Meta’s capital expenditures guidance for 2026 was recently raised by $10 billion to $145 billion, some of which is being funded through a $25 billion bond sale. The company has also rolled out new paid subscription plans for Instagram, Facebook, WhatsApp, and its Meta AI app—part of a broader push to reduce reliance on advertising and tap into new sources of income. Notably, Meta’s smart glasses subscriptions now cost $20 per month for full access to AI features.
But challenges remain. The company has laid off about 10,000 employees so far this year, and its stock had slumped nearly 25% over the previous four quarters before the July rally. The move into cloud is seen by some as a response to complaints that Meta may be overspending and skepticism that it will ever earn a commensurate return on its capex. “The problem with this company is that it only builds, or only thus far, capacity for itself, and it’s not really monetizing any AI apps yet,” said Meeks.
Industry observers are watching closely to see if Meta will attempt to challenge the big three hyperscalers—Amazon, Microsoft, and Google—or if it will carve out a niche more akin to neoclouds, specializing in AI-specific compute products.

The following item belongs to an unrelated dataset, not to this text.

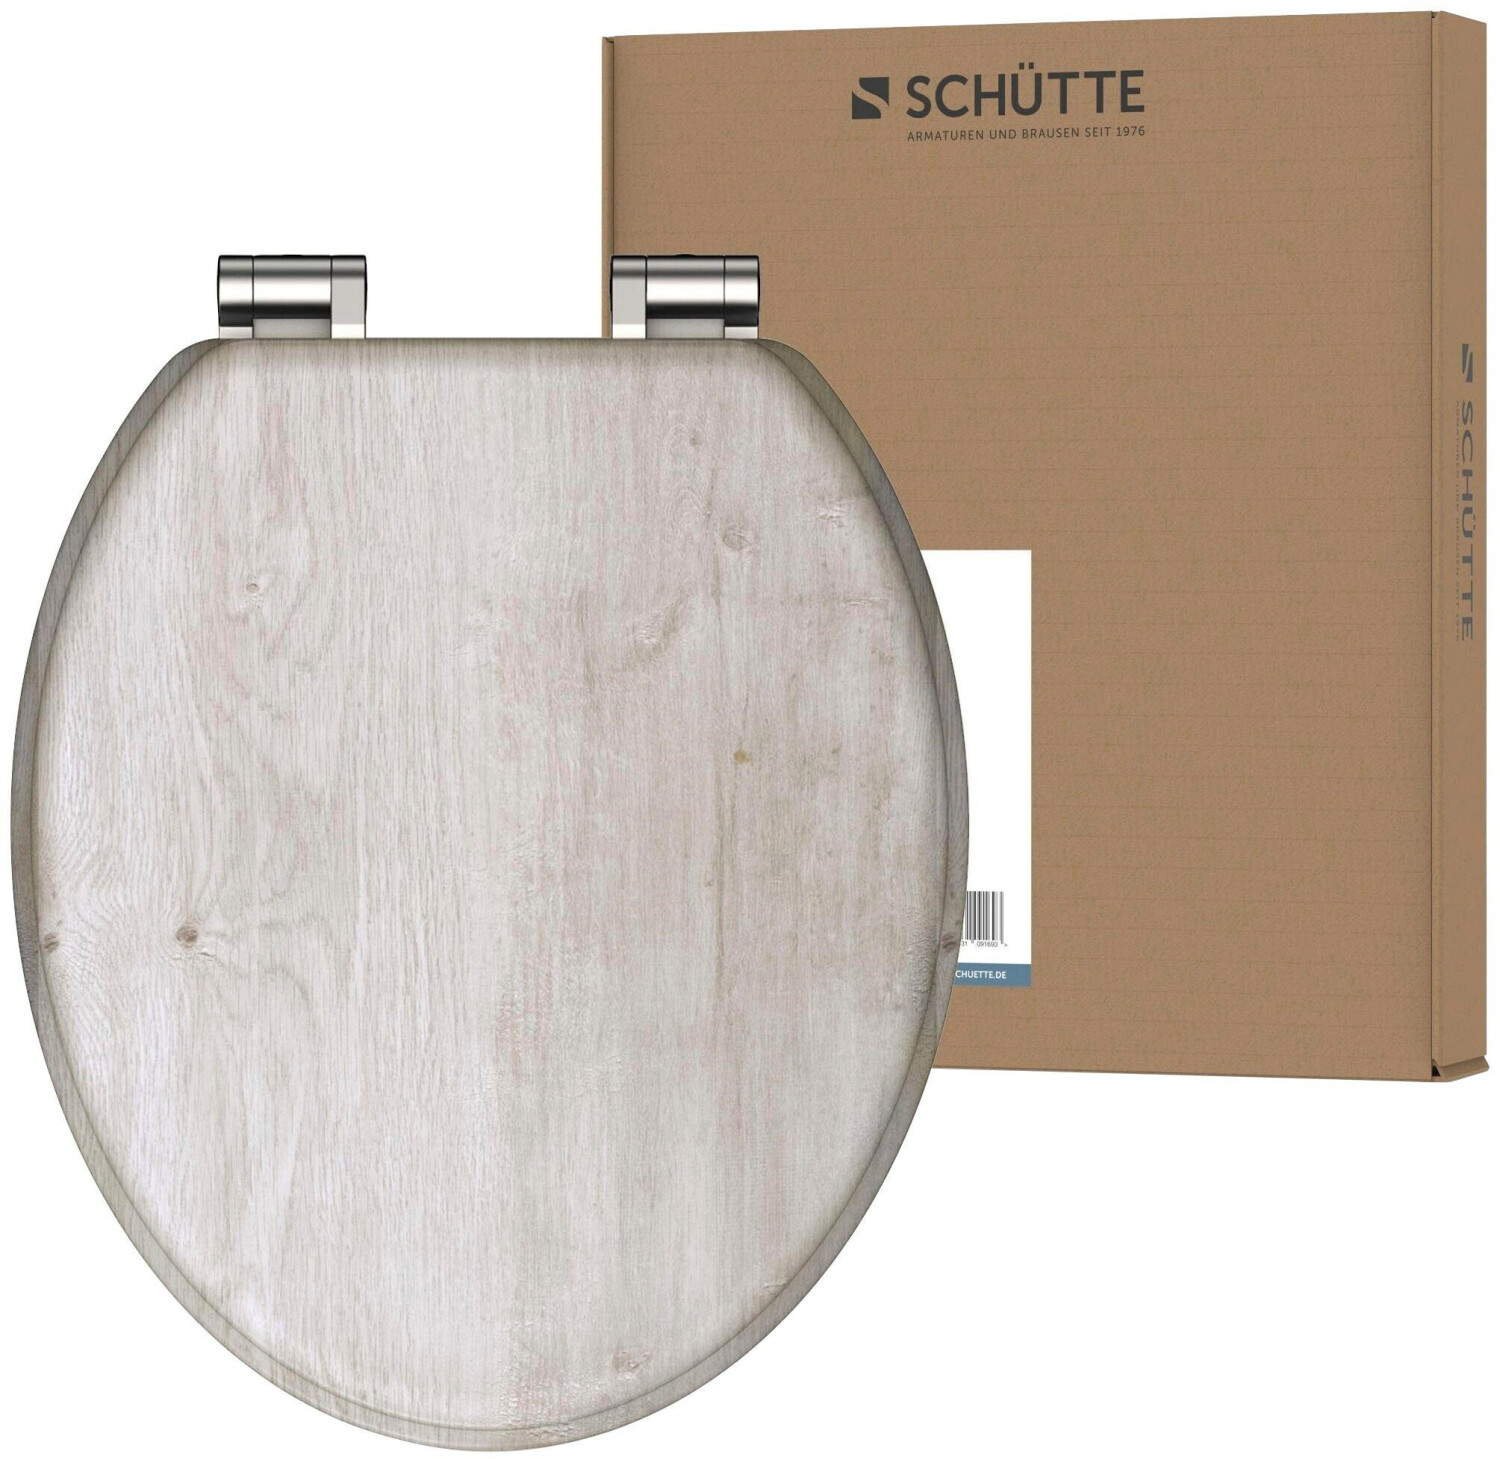 Products - Schütte

Either way, the move is already shaking up the market, with neocloud stocks tumbling and analysts debating the long-term implications for Meta’s business model.
As the generative AI boom enters its fourth year, the demand for compute shows no sign of slowing. For Meta, the cloud could represent both a lifeline and a leap into uncharted territory. Whether Zuckerberg’s gamble pays off—or further exposes the company’s vulnerabilities—remains to be seen, but one thing is certain: the race for AI dominance is far from over.